It’s also the declining voice usage, which we also see new residential, which puts the volume under pressure. But again I wouldn’t say that is something particularly dramatic for UK.
Jason Bazinet - Citi
And it seems that that your go-to-market process, or the sales people that you have going after the segment is sufficiently ramped up, I mean, is it – is the way you wanted to be in terms of getting new account wins to offset whatever pricing declines are going on?
Mike Fries
Also, I’ve been talked to (indiscernible) and that the management team, we’d say that we are obviously revisiting the approaches of the different sales channels, the new as well as the current sales channels and in that process we will further sharpen I would say our approaches also from a headcount and competence point of view.
Jason Bazinet - Citi
Okay, alright, thank you.
Mike Fries
I think the main thrust, though, is to make sure we are staying relevant in the large-medium business and small-medium business and so sectors were – in the large public segment we’ve got pretty good market share about 14%, but if you look at the small-medium business or SOHO were 0% to 3%, – 3% to 0% so, it’s also about refocusing the sales effort on business that we know we can achieve greater sharing.
Jason Bazinet - Citi
Very helpful. Thank you.
Operator
And we’ll take our next question from Tim Boddy with Goldman Sachs.
Tim Boddy – Goldman Sachs
Yes, thanks for the question. : I wanted to ask about Germany where obviously there is some headwinds from the carriage fee roll-off, but we’ve seen growth slow from 9.5% in Q1 on the revenue side to 6.5%.
I’m including a little bit of a slow down on ARPU growth and I just it would be helpful to understand is 6% the new normal, obviously, we saw a profit warning from KDG at the start of October. Is something changing in that market?
Any color would be useful. Thanks.
Mike Fries
I mean, the only thing I mentioned this in my remarks and I will let Diederik chime in on it further. As we are looking at or trying to ensure that our growth over the long haul sustainable and is driving the most positive economic result.

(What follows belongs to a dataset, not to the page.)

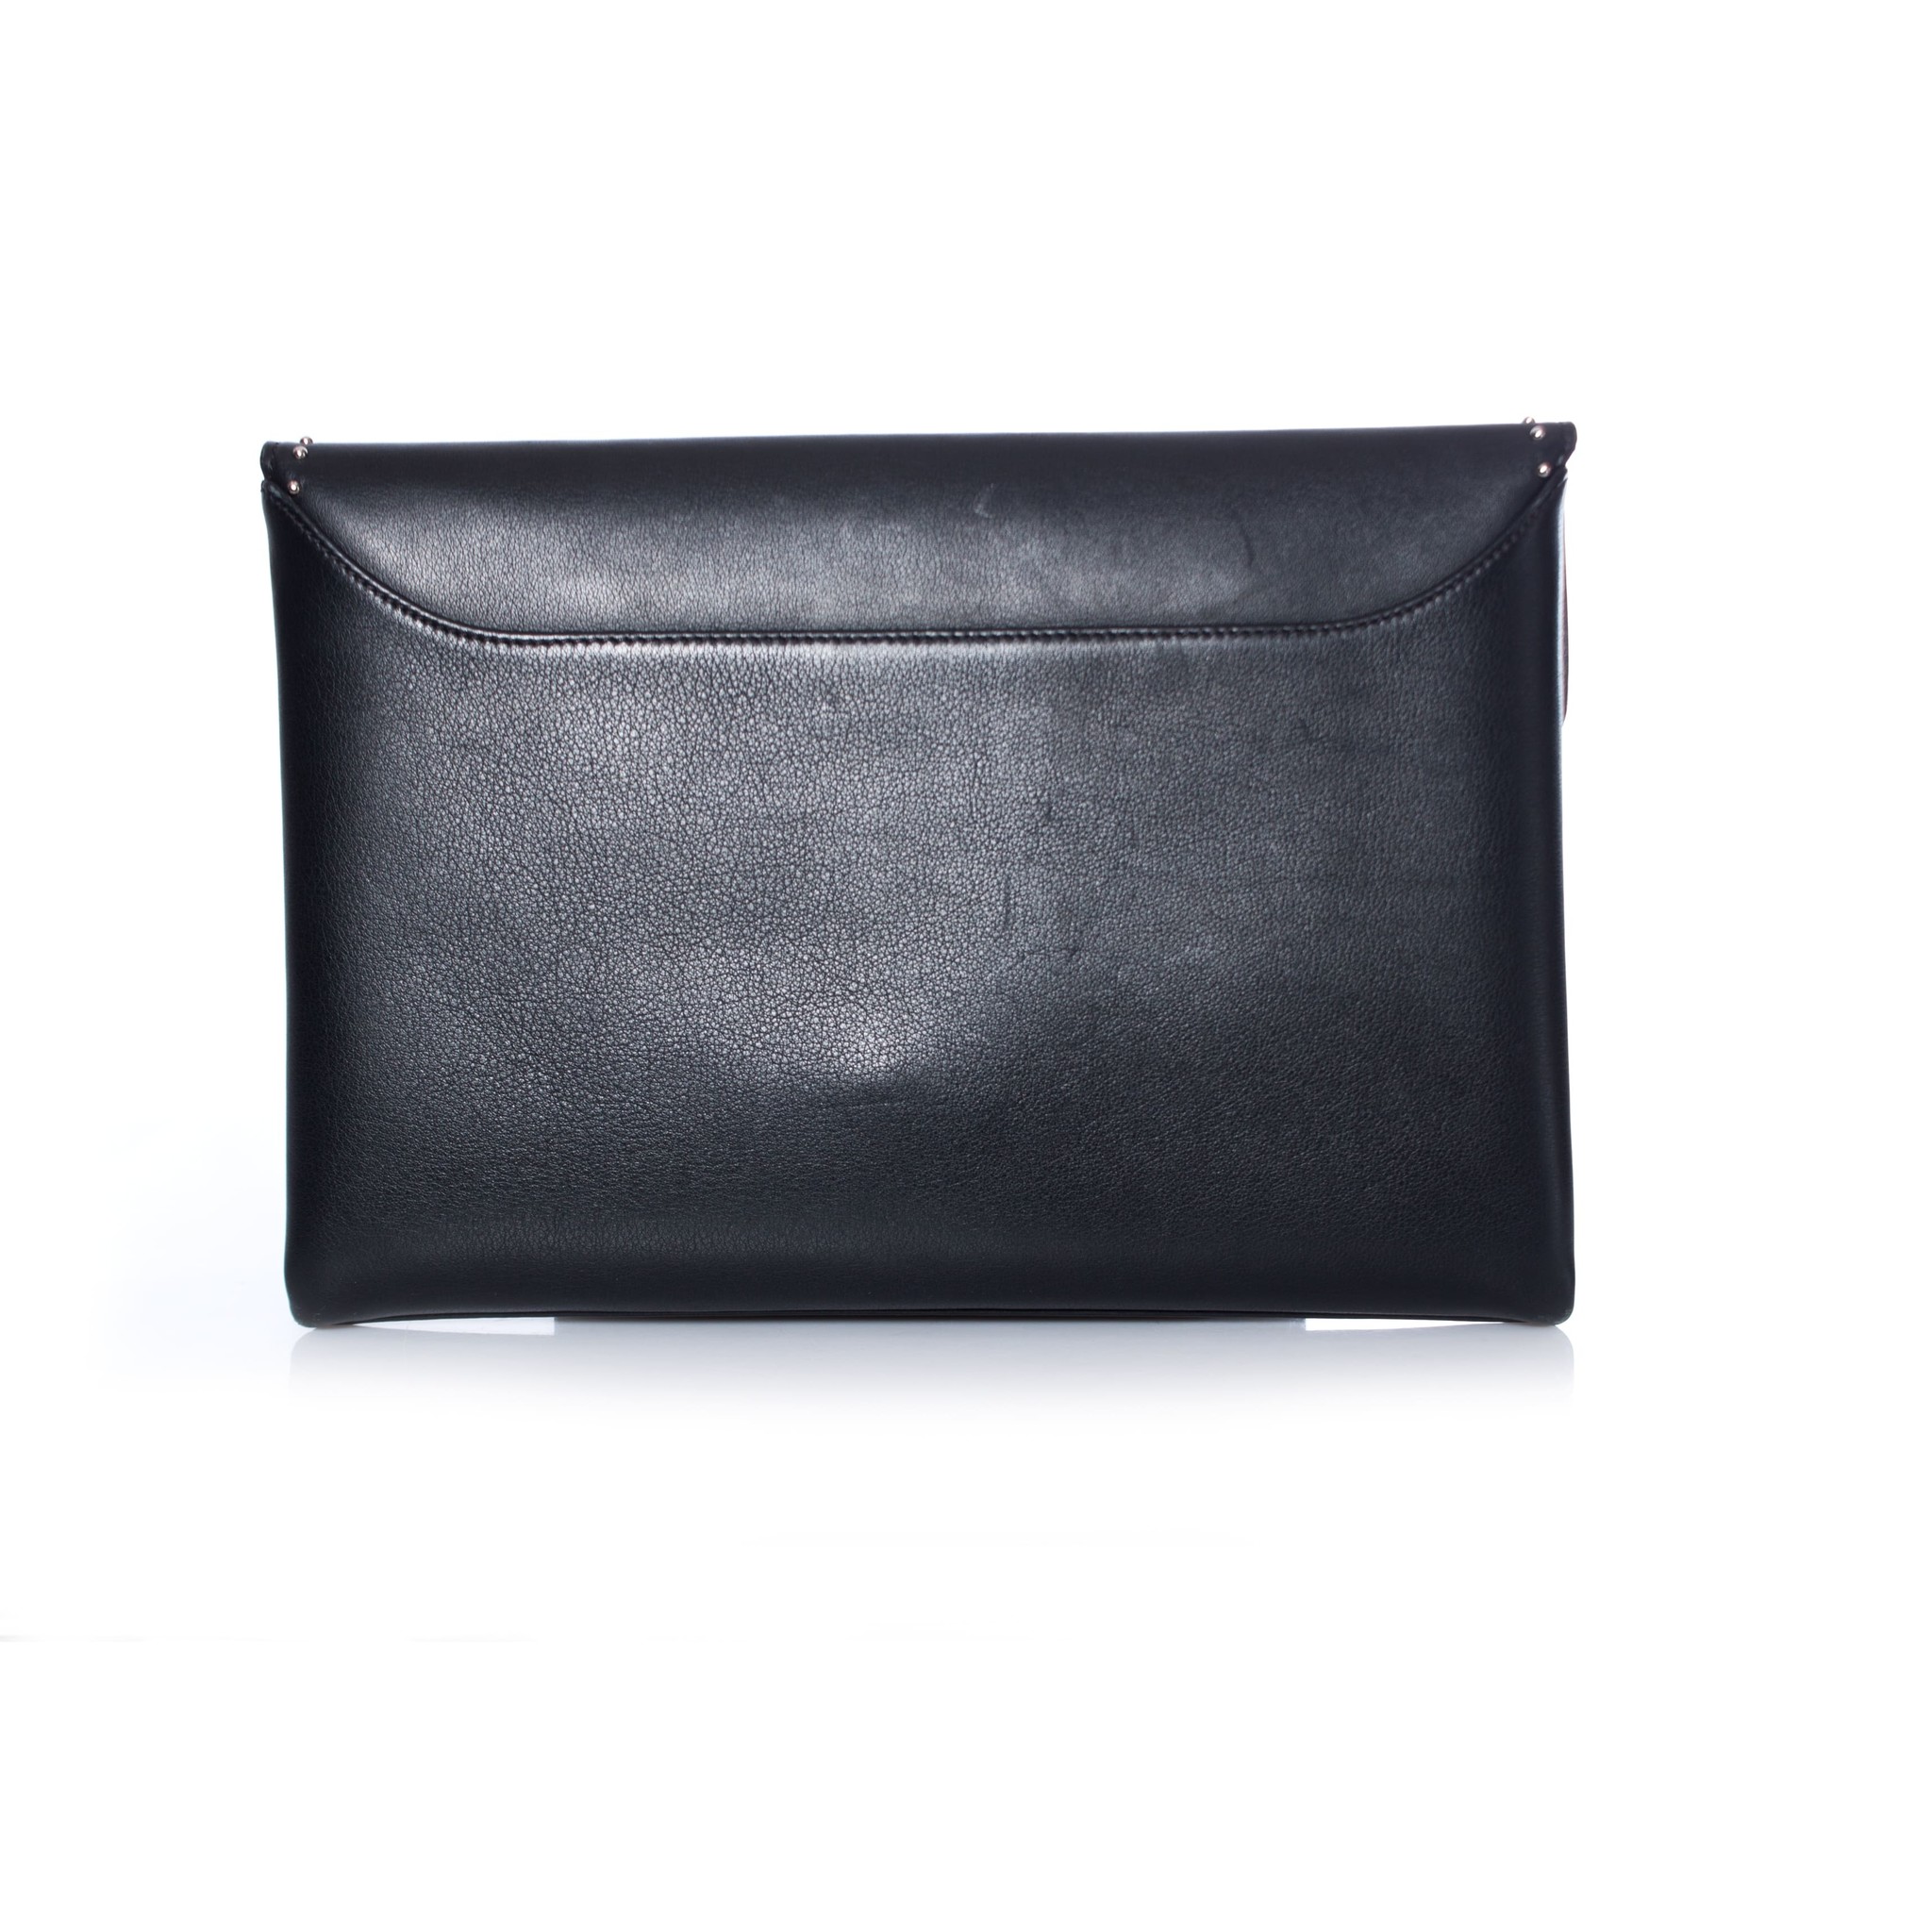 Givenchy - Antigona Mini Polished Leather Bag Black

It’s easy to add more and more customers and we are good at that, but we want to make sure we’re not adding customers as simply for that purpose that we’re adding customers that are profitable and driving our core financial returns. So, as I mentioned in my remarks, we are doing things to perhaps that might have the small impact on volume in the next 12 months, but we’ll drive greater revenue and EBITDA growth.
We’re not giving forecast here today, but we believe Germany will be above our average guidance if you will and it comes to revenue and EBITDA growth and we’ll continue to be one of our fastest growing market. I think it’s just the fact that had an interesting inflation point, we’re taking all of the broadband market share, we’re launching new video products, we’re seeing good solid volume and we want to make sure, we’re maintaining pricing power and that would be smart about deriving the most revenue out of each customer that we can so, there is no fundamental shifts there, it’s more tweaking I would say, of the model.

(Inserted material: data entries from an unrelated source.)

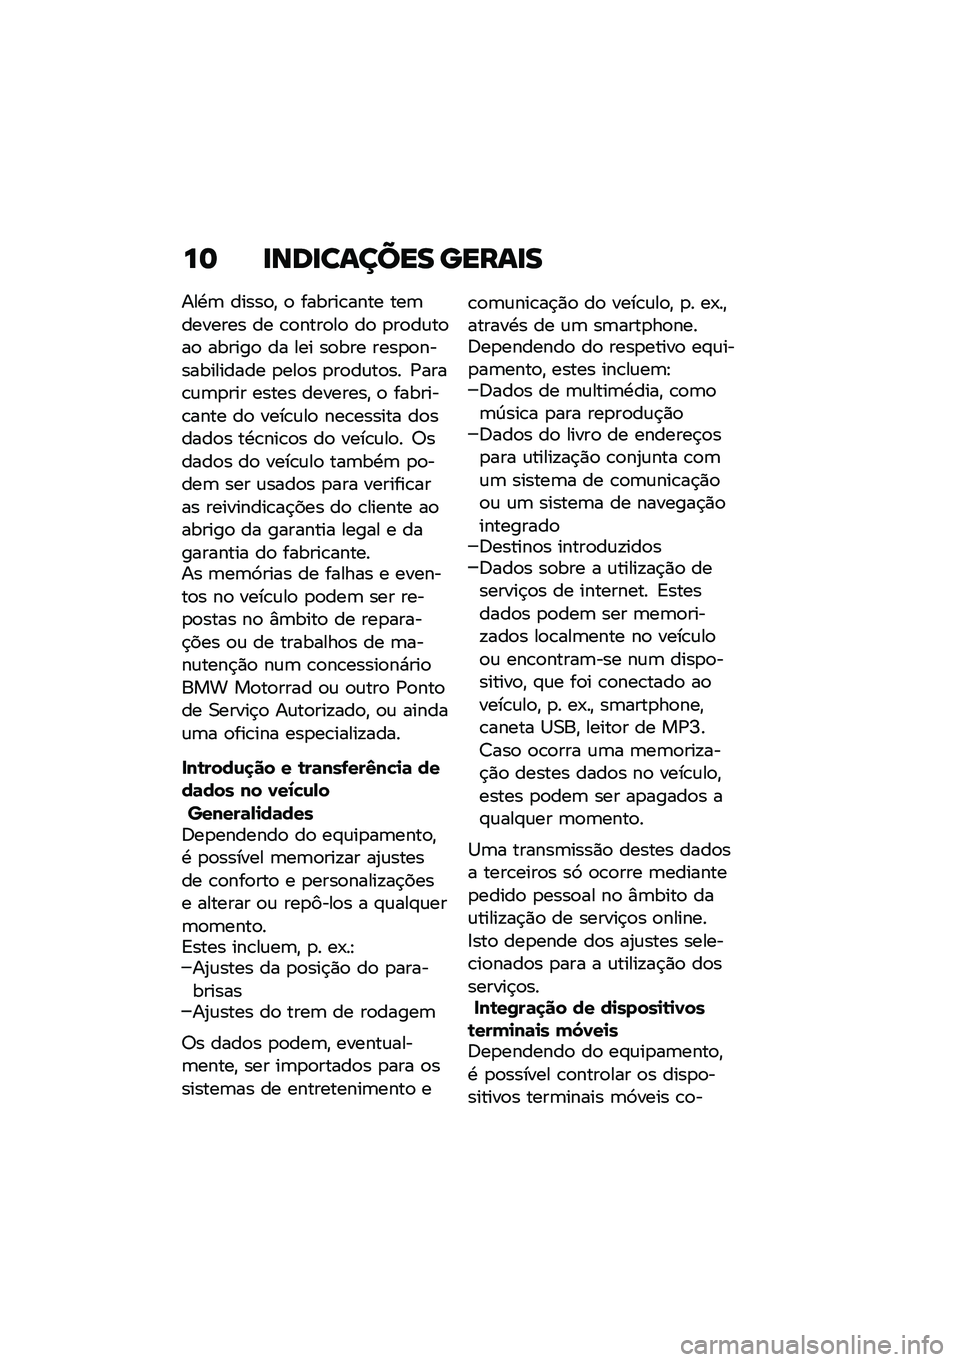 BMW MOTORRAD C 400 GT 2020  Manual do condutor (in Portuguese) ��	 �
���
������ �����
�
���.�	 �����
�" �
 ������\b���� ���	������� �� �\b�
����
��
 ��
 �
��
��\f��
��
 ������
 �� ��� ��
��� ����
�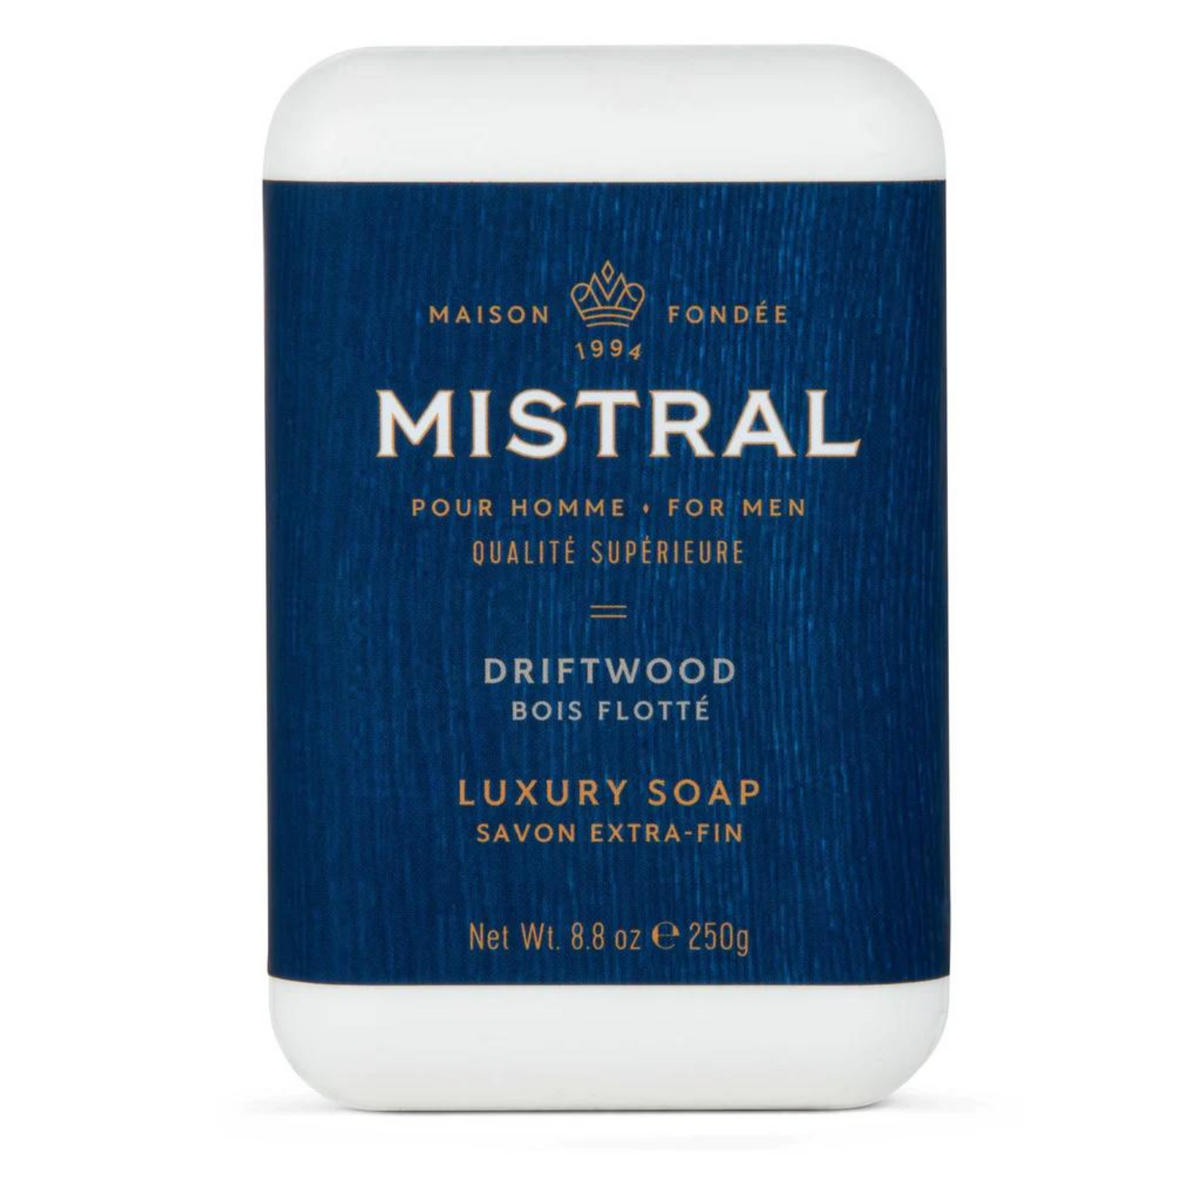 Primary Image of Mistral Driftwood Bar Soap (8.8 oz)

Do you want to add anything to that, Diederik?
Diederik Karsten
I thought that, for instance last year, if you carve out just for the loss of the feed in, the growth would be higher closer to 8%, so which also underpins what you just said that there is no structural change, but there is still at the higher level just mentioned.
Tim Boddy – Goldman Sachs
And just on the pricing power point in Germany, I guess some of the prices that are out there. I think you go 25 year or a double play package at Unity, are quite deflationary to the market.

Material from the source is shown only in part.